# 2 data sets - Need to make the same size!

6 views (last 30 days)
Mate 2u on 22 Jun 2012
EDITED-HAD AN ERROR CHANGE THE ARRAY SIZE OF B NOW
Hi Everybody..
I have 2 big data sets.
Data set 1 is contained in two arrays, the components are A which is a cell array of size 65,000,000 x 1, and B which is a normal array of size 65,000,000 x 1.

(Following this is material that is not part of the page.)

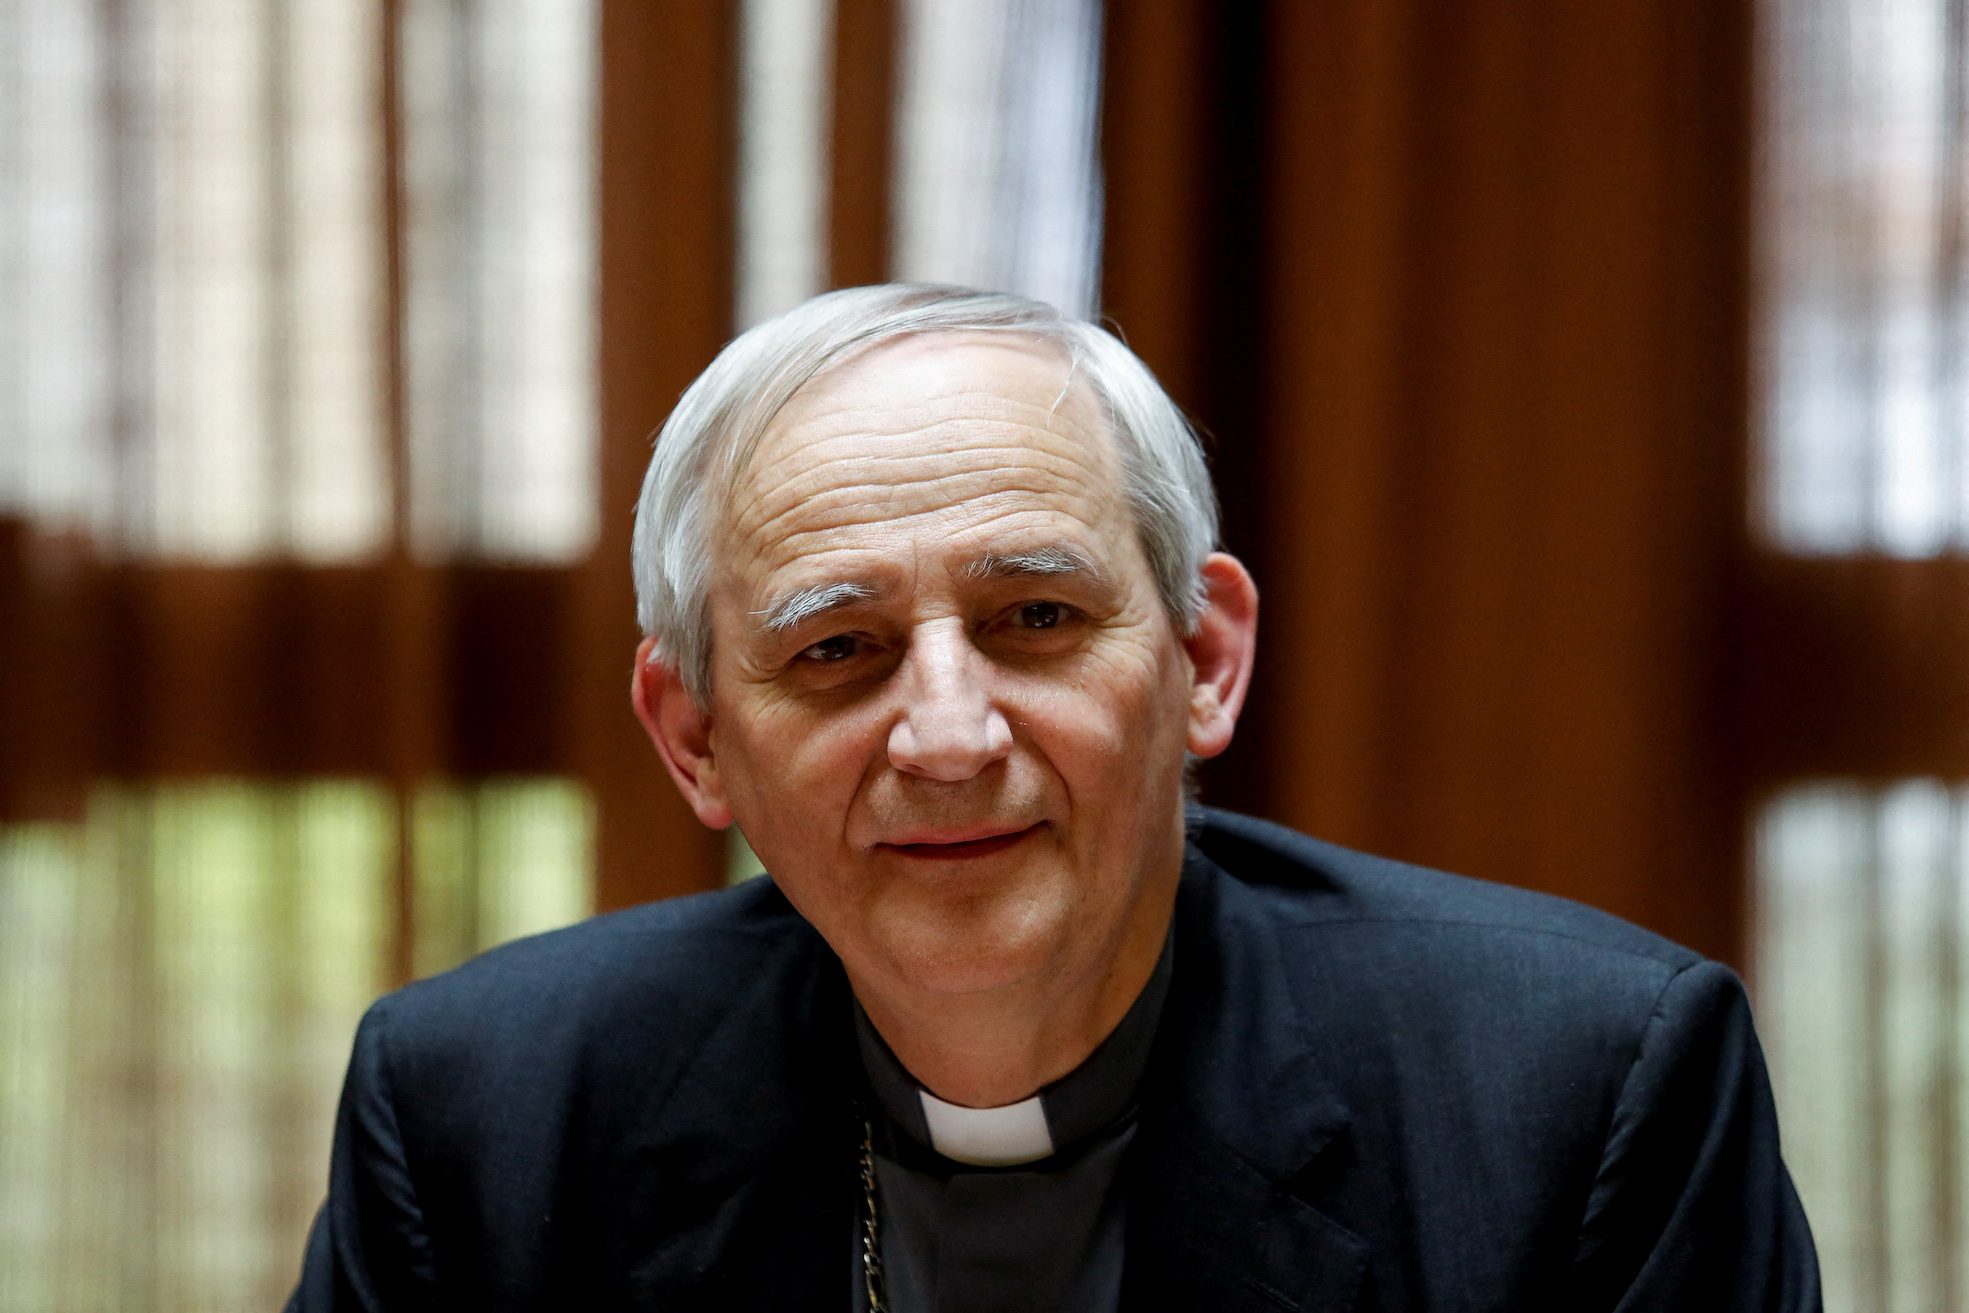 Papal envoy heads to Ukraine to ‘listen carefully’ to possible peace plans
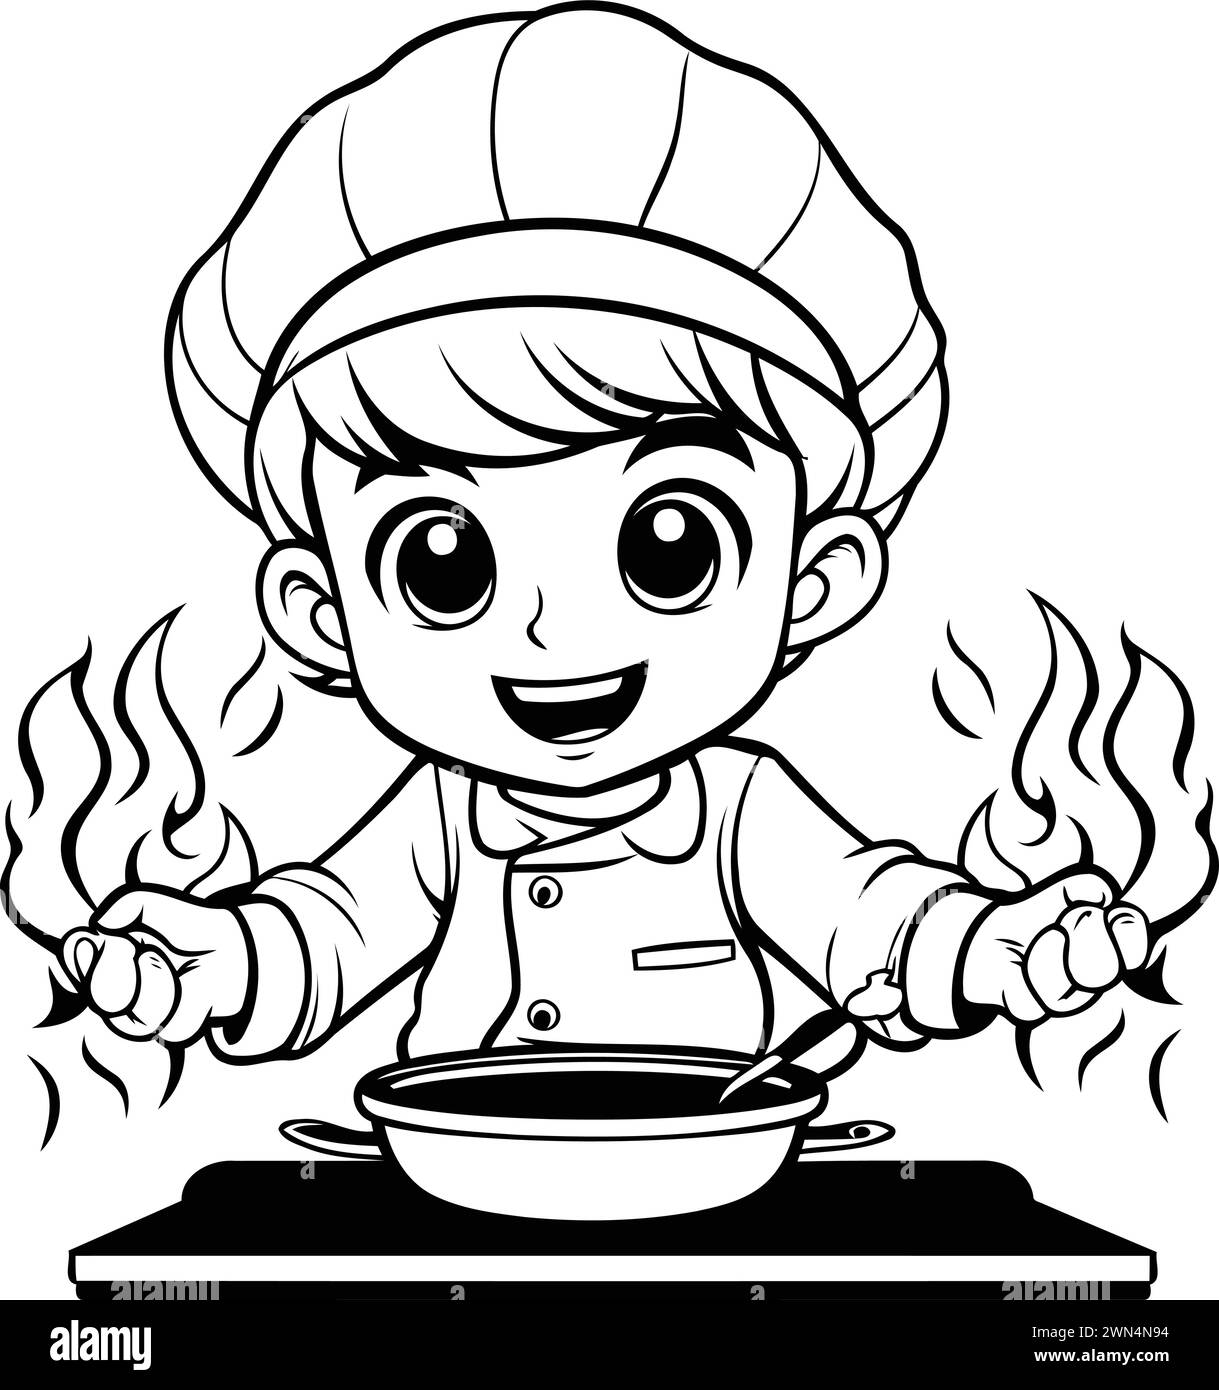 Black and White Cartoon Illustration of Cute Little Chef Girl Cooking Food for Coloring Book Stock Vector

Data set 2 is contained in two arrays also, the components are C which is a cell array of size 61,500,000 x 1, and B which is a normal array of size 61,500,000 x 1.
Formats
A and C:
A is the date and time stamp for the corresponding prices in B
C is the date and time stamp for the corresponding prices in D.
The date and time are incremental for both and are irregular (therefore price changes at different times for both). The format is as:
'20090501 00:00:00.365'
'20090501 00:00:00.371'
'20090501 00:00:00.605'
'20090501 00:00:00.863'
--------
B and D are the prices which correspond to the date and times of A and C respectively. The prices are in a format as:
98.9020000000000
98.8990000000000
98.8850000000000
98.8890000000000
What I want
I want to ammend this so that I can get A, B, C and D all the same size. I do not want to lose any information.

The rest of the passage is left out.